# Making starship window interiors with backlit film



## Daniel_B (Jun 28, 2016)

Last weekend I did some artwork of the TOS and JJprise corridors in Photoshop to put behind my model's windows so it wasn't just a white void. I wanted to get the sense of something in there.



















First I had simply gone to FedEx Office and had them print my window patterns on transparency. 

Today, I used Inkpress Backlight Film. This stuff works much better in that it lets light pass through, but it diffuses it. Also, FedEx Office can only print on laser jet printers, which doesn't work with graphics very well. My Inkjet printer made the graphics much sharper and richer. I absolutely love how this is looking now.


----------



## Zombie_61 (Apr 21, 2004)

All you need now is to figure out a way to have a silhouette of a crewmember walk past a few of those windows. 
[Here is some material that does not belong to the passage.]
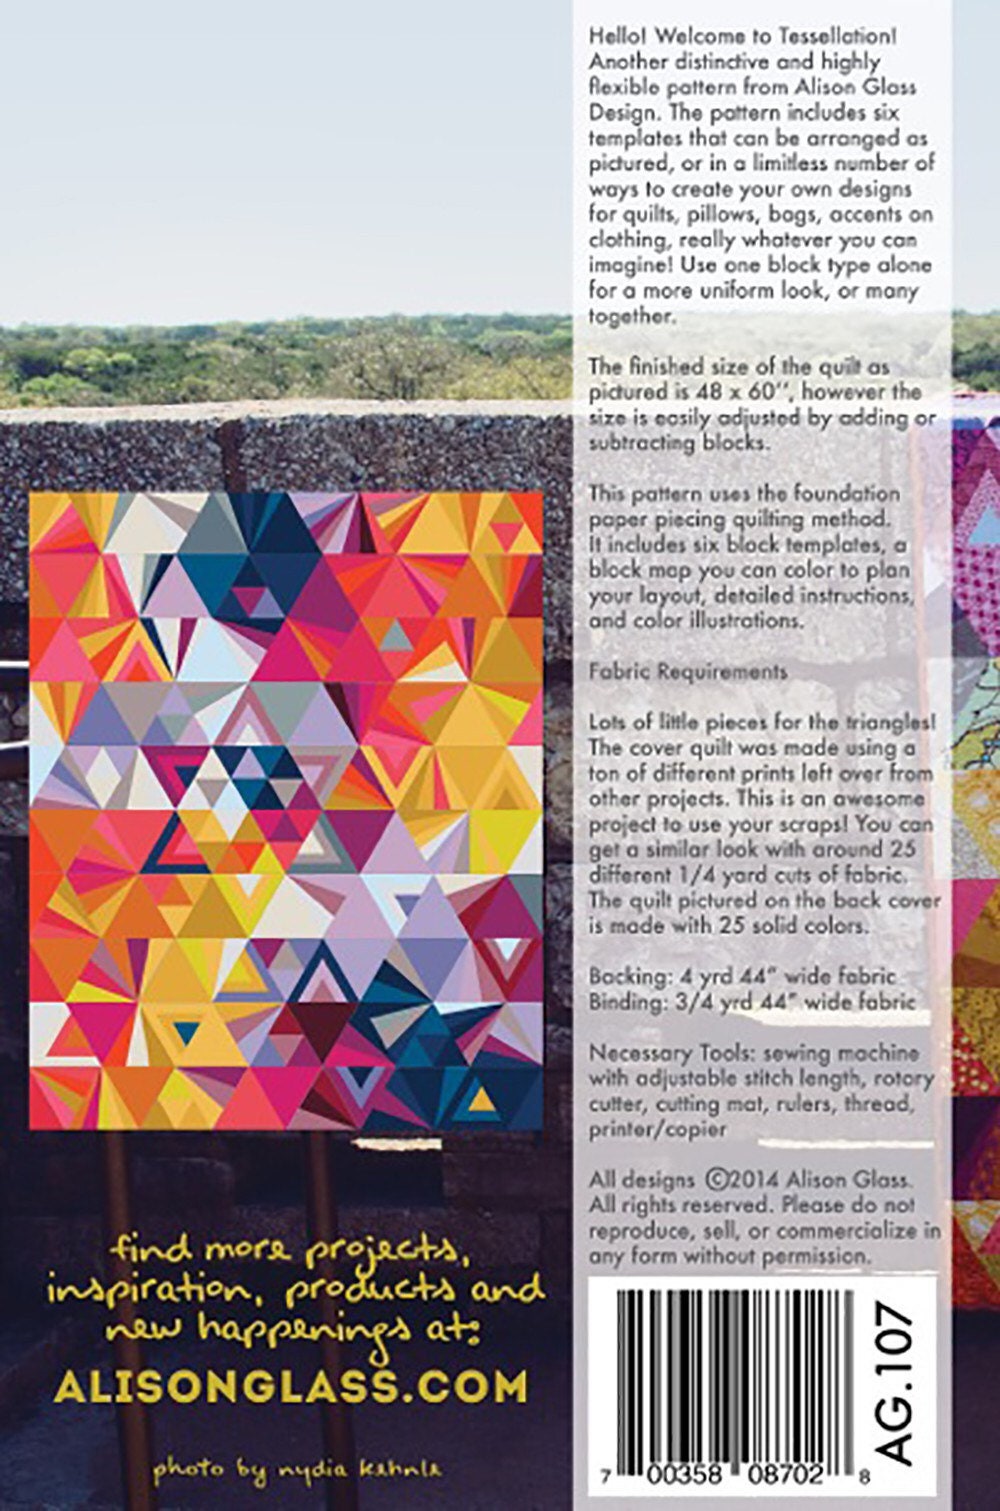 Tessellation Quilt Pattern - Alison Glass - Nydia Kehnle - Foundation Paper Piecing

But seriously, I like it! It's a brilliant way to add that extra bit of realism to the finished build. :thumbsup::thumbsup:


----------



## Steve H (Feb 8, 2009)

Nicely done, and surely easier on the eyes than painting brass or plastic 

So is this the same kind of material that decades of 'Okudagrams' have been printed on?
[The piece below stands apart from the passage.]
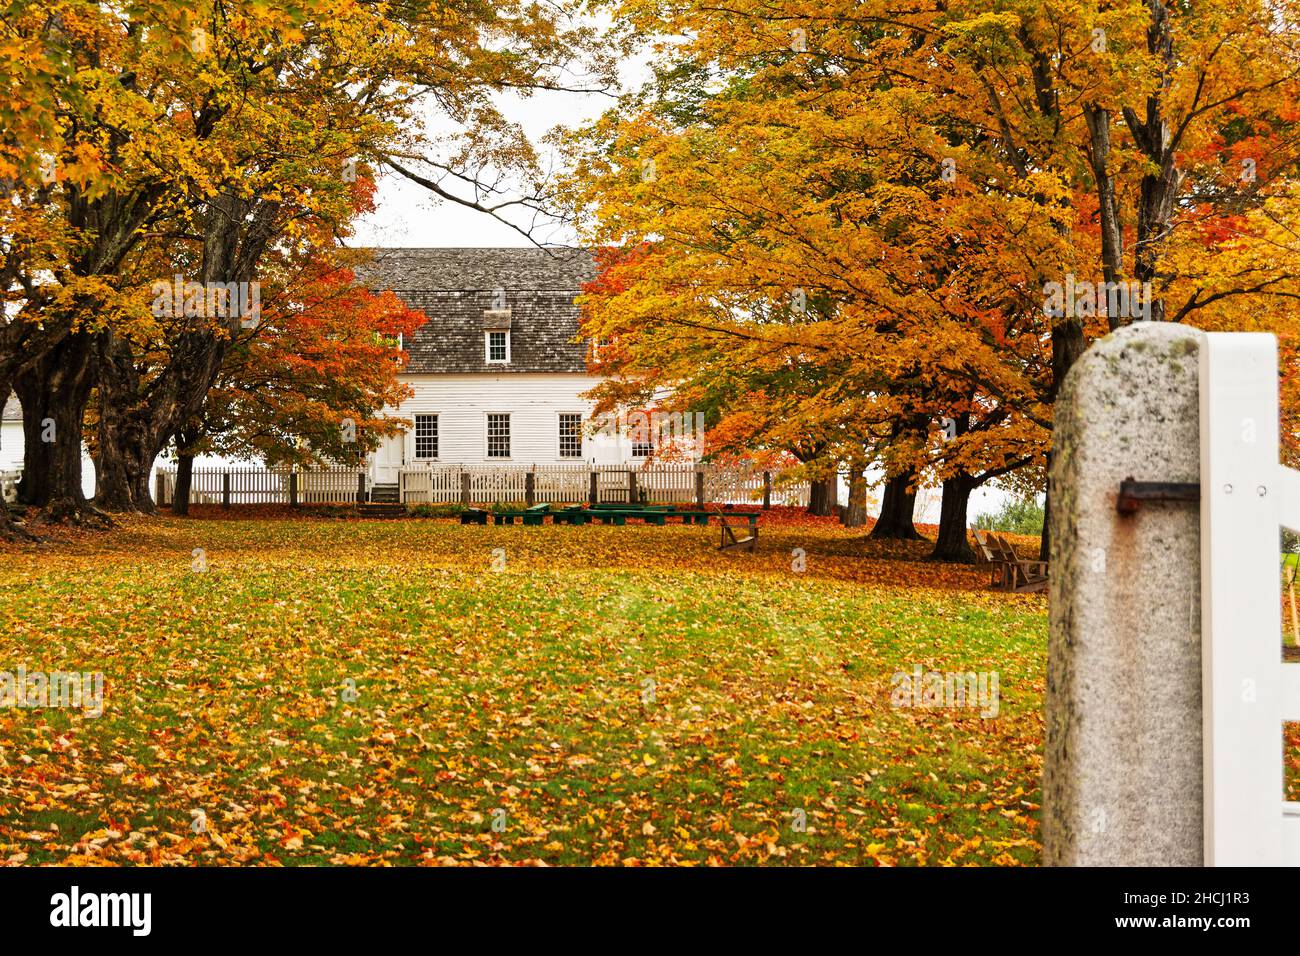 The meeting house sits in a field of fallen leaves. Canterbury Shaker Village, New Hampshire USA. Stock Photo

You know, not to dim sales of beautiful photoetch sets, I would think this is the best way to show the Rec Deck on the 1/350 Refit Enterprise.


----------



## electric indigo (Dec 21, 2011)

That looks absolutely brilliant. I think it should be worth the effort to print some humans in there, too.


----------



## NCC1966 (Jun 27, 2016)

Good idea and it looks nice -- but taking in consideration the crazy size they say that this ship is when compared with the actual ST ships the scale doesn't look right (your interior is too big).


----------



## JediDad (Dec 5, 2009)

Very neat!! I was thinking about doing this to the larger windows on the Voyager kit, if I ever get around to building it that is.


----------



## Daniel_B (Jun 28, 2016)

Steve H said:


> So is this the same kind of material that decades of 'Okudagrams' have been printed on?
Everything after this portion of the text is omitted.